雛人形というと、七段の立派なものを想像されるのではないでしょうか。小物も多く、きちんと揃えるといかにも高そうなお人形たちです。

 

しかし雛人形は、一般的には祖父母が送るものとされています。女親、つまりお母さんの実家が用意してくれるのが一般的なようです。その理由は、昔は雛人形は嫁入り道具として用意されるものだったからです。

 

ただ現在は特にそういった決まりはなく、かなり自由になってきています。

 

両家の祖父母でお金を出し合うも良し、両親で揃えるも良し、7段ではなく男雛と女雛だけでも良し、はたまた可愛らしいぬいぐるみのようなものだって良いのです。一番大切なのは子供を祝う気持ちであり、きちんと親族会議を開いて、意見の行き違いがないようにすれば、莫大なお金がかかる行事ではありません。

端午の節句のお祝いの仕方

端午の節句は、菖蒲の節句とも呼ばれています。菖蒲の節句は、初めは女性の節句でしたが、江戸時代に菖蒲が「武を重んじること」の意味に変わり、それからは男性の節句になりました。

 

端午の節句では、鯉のぼりや鎧兜、武者人形などを飾ります。こちらも桃の節句と同じく、親戚が集まりお祝いするのが一般的です。

 

特にこれと決まったお料理はないですが、「家系が絶えない」という意味で柏餅を食べると縁起が良いとされています。

端午の節句はお金がかかる?

基本的には桃の節句と全て同じです。

 

お母さん側の祖父母が買ってくれるのが一般的でしたが、今は両家がお金を出してくれたりと、家庭によって様々な形を取るようになっています。

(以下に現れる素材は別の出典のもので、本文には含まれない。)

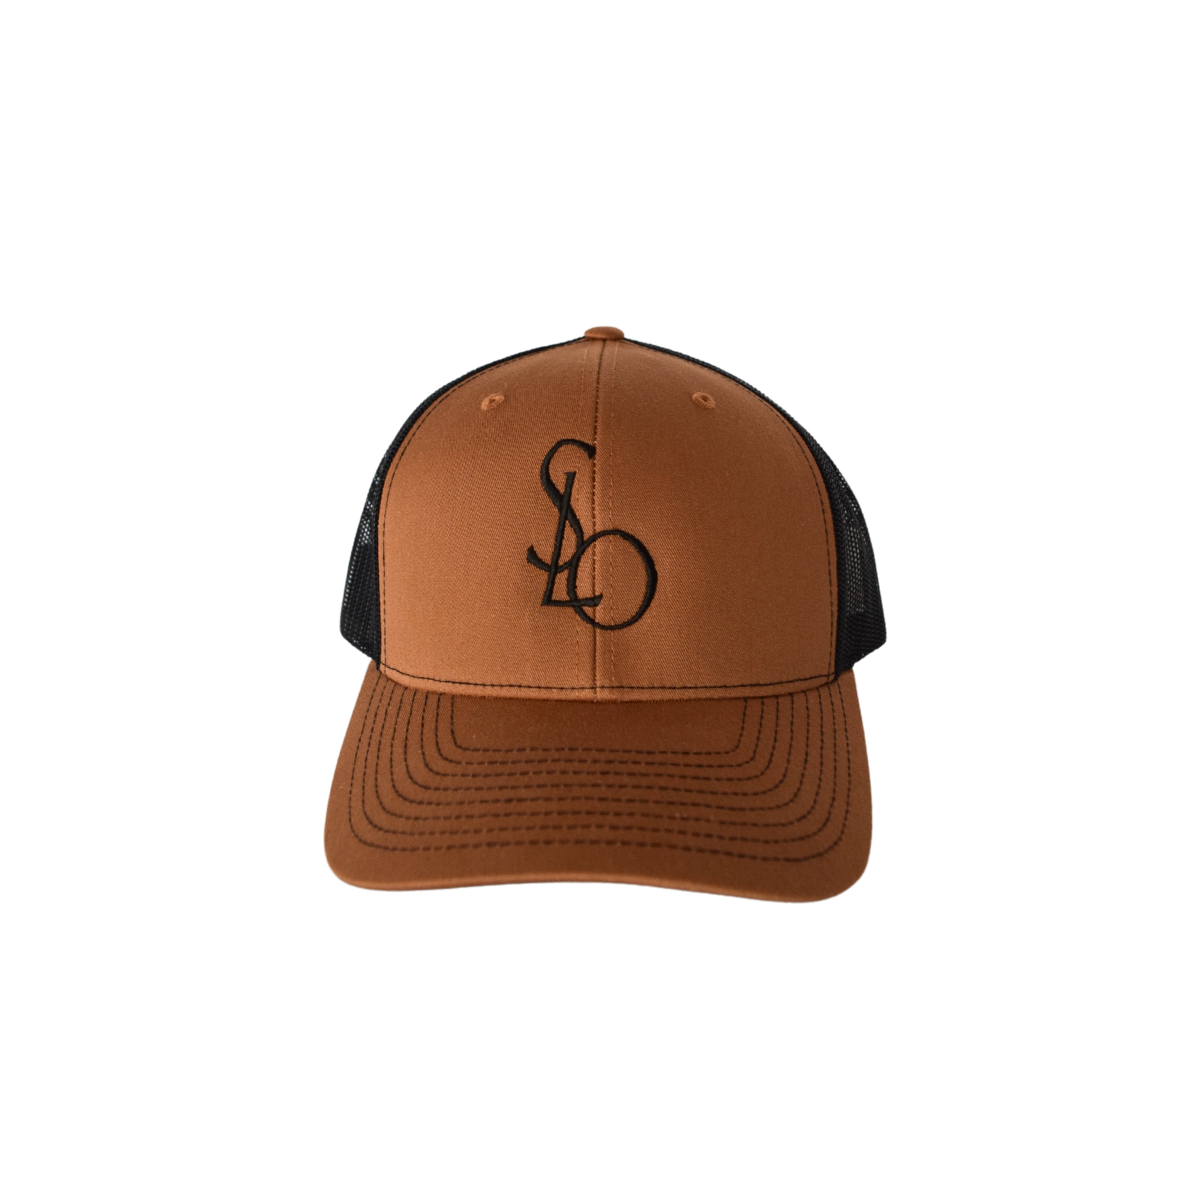 Branded SLO Designer-Inspired Baseball Hat in Caramel & Black

また、鎧兜などはスペースを取りますので、金額や場所に見合ったものを探せると良いと思います。

 

ただ1つだけ気をつけたいのが、端午の節句も「災厄を身代わりになってくれる」というのが元の意味合いです。そのため、1人につき1つ鎧兜というのが基本になりますので、お子様が何人かいる場合は注意しましょう。

まとめ


  1. 初節句とは、子供が産まれてから最初の節句のことであり、女の子は桃の節句で3月3日、男の子は端午の節句で5月5日にお祝いをする。
  2. 桃の節句は、雛人形を飾り、はまぐりなどのお祝いのお料理を食べ、両家の祖父母や親戚などでお祝いをする。
  3. 雛人形は女親の祖父母が買うのが七段のものを買うのが一般的でしたが、今は誰がお金を出すのか・どんな種類の人形を買うのかがかなり自由になってきている。
  4. 端午の節句は、鯉のぼりや鎧兜、武者人形などを飾り、親戚が集まって柏餅を食べてお祝いをする。
  5. 誰が何を買うのかは、桃の節句と同じくかなり自由になってきて家庭ごとに異なるので、しっかりとした家族会議が必要である。

 

1円も出せないほどお金がない!というのならば話は別ですが、せっかくの節句ですから、どんな形であれお祝いをしたいですよね。

完璧に全部の道具を揃えずとも、今はかなりリーズナブルに用意することができますので、せっかくですから親戚の方々をお呼びしてお祝いをしてみてはいかがでしょうか。